But the curve was free, and the truck rushed on, past Webb’s and Burkmeister’s and Ford’s and Mahoney’s, the motor screaming like a buzzsaw cutting through ironwood, the rattles from every hinge and bolt filling the cab with a noise like chattering leaden bells or wasps stirred up to rage. She did not need to look at her son to know that his jaw was tightly set, his witch’s eyebrows slightly drawn in, his gray eyes glinting, unblinking, like a madman’s.
Little bastard,
she thought; and even though his troubles were unreal, mere play troubles, neurotic phantoms, she was sorry for him; coldly, objectively, but also bitterly sorry that he had to be young, if only for a time, and idiotic. His temper fits gave him splitting headaches—histamine headaches, according to the doctor in Rochester. (He’d diagnosed it even before he’d heard the symptoms, or so he claimed later, from no more than a glance at Luke’s painfully flawless handwriting. He was a cocky man, the doctor, red- and round-faced as a wino, and ugly, sitting with his legs apart, soft hand lovingly laid on his crotch.) They were half-day-long sieges of pain that would fill up Luke’s skull, more fierce than the fiercest hangover, until he could see, hear, think of nothing but the dry fire in his brain, and at last he would faint. He’d been born unlucky: he had an enormous tolerance for pain.

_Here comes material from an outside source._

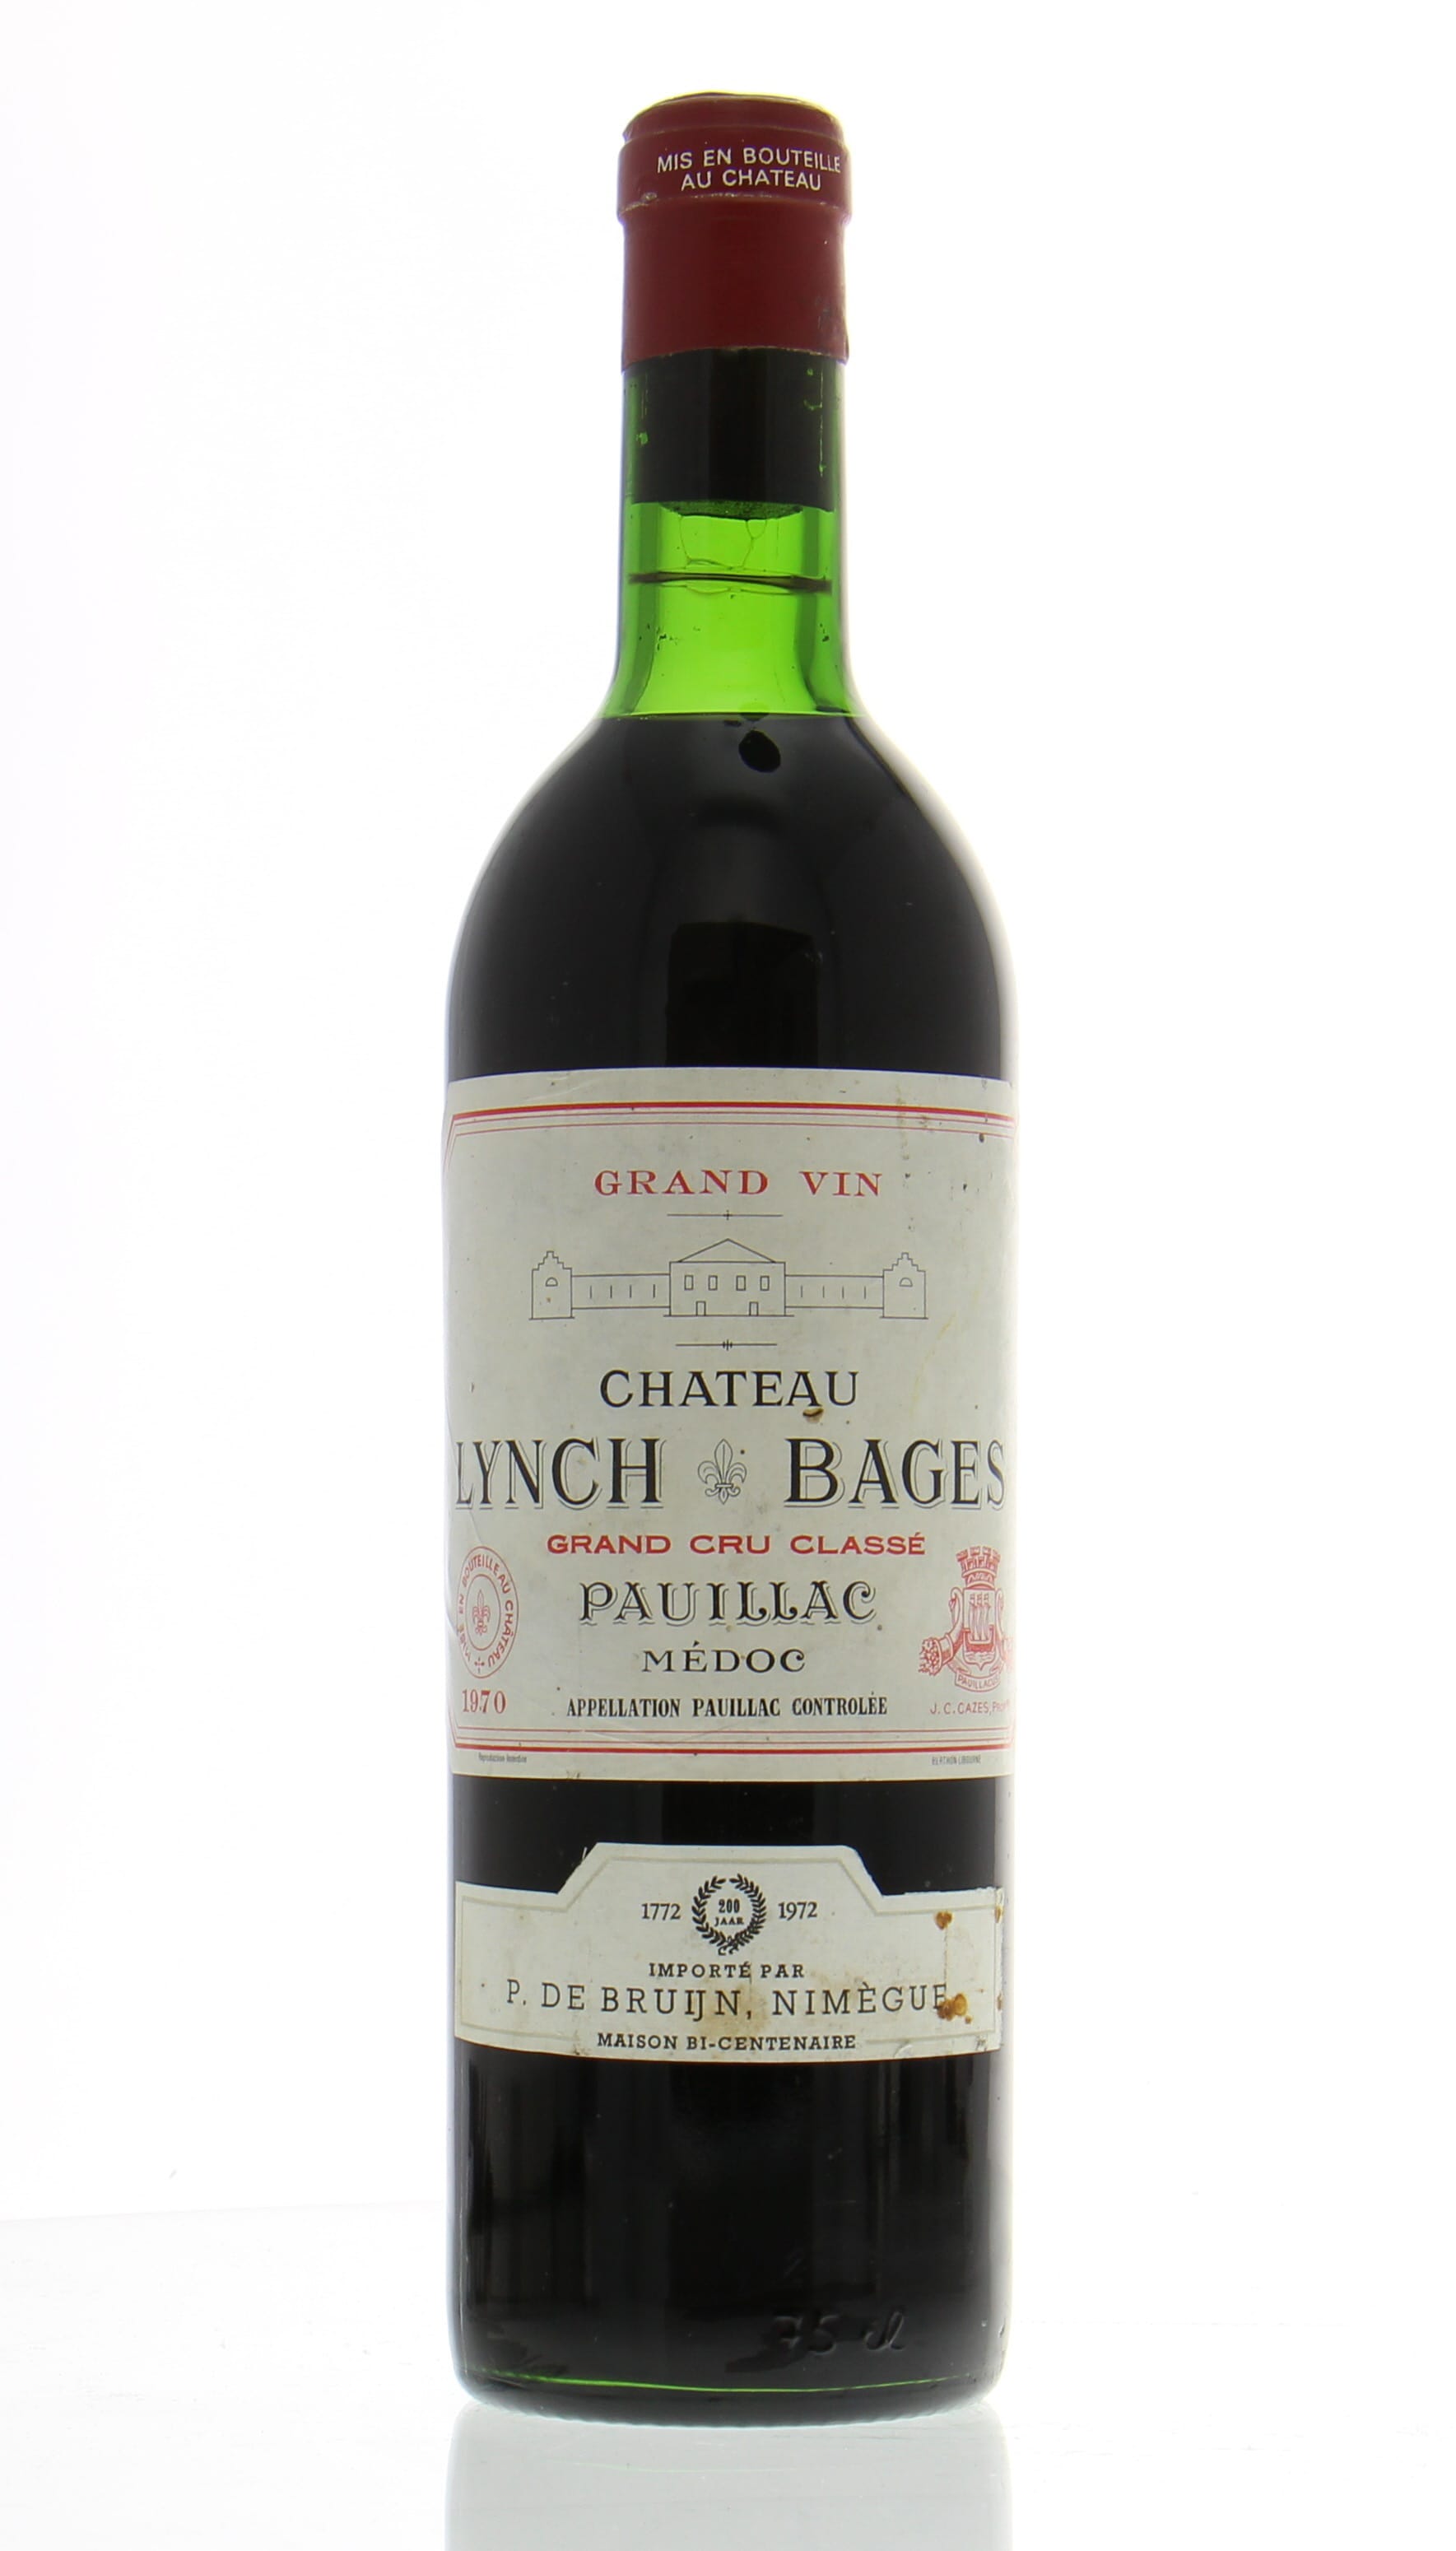 Chateau Lynch Bages - Chateau Lynch Bages 1970 Top shoulde
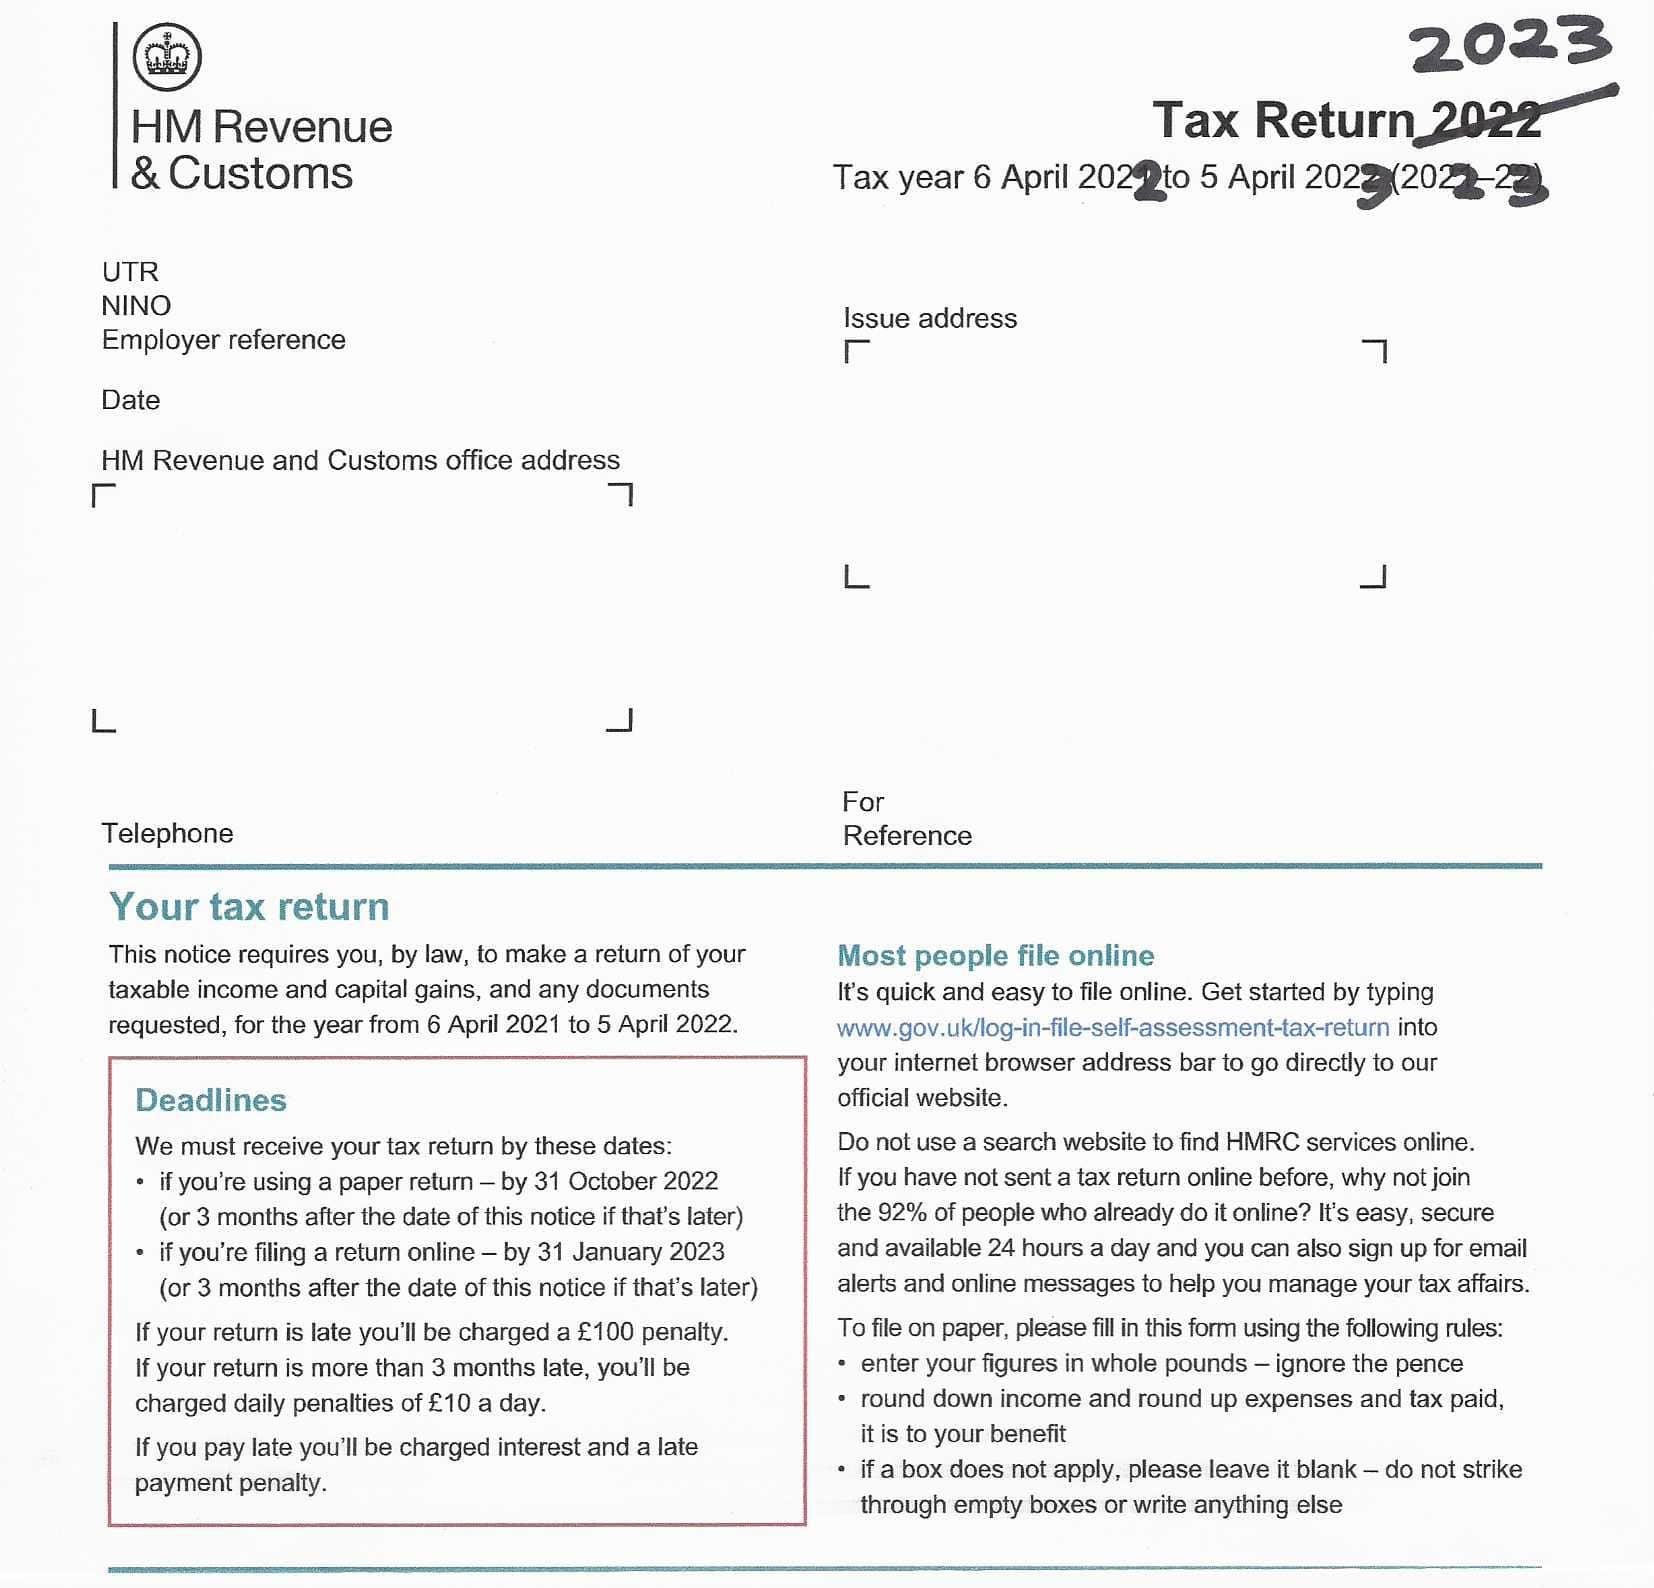 Trying to Locate the 2023 HMRC Paper Tax Return Form Online?

But he would not lose consciousness now, while he was driving. If the headache were that far along he would long ago have forgotten his anger, would have forgotten even what steering wheels were for; he would be clinging to her hand, his eyes clamped shut, beyond even praying that he might pass out, merely waiting for it, and she, Millie Hodge, with heart painstakingly fashioned of ice, knowing herself beyond any trace of ordinary motherly hate or love (crushed tight, until time if it moved all around her had nothing left to do with her), would be wishing with every nerve in her body that the burning brain were hers, not his. Not because he was her son and not for duty or charity or guilt. She’d been through it many times, a thing far worse for her than for him because Luke knew nothing, in that last hour, while her mind rushed on over thoughts as precise and sharp as the rods of an iron fence: had been through it and out of it to the light again, forced into the shabby role for which she had not the faintest desire and from which she drew, she devoutly believed, no satisfaction (she knew what satisfaction was, knew where she would prefer to be)—the role of God or archetypal mother or stone at the center of the universe—because by senseless accident she had borne sons.
I exist. No one else. You will not find me sitting around on my can like some widow, or whining for the love of my children.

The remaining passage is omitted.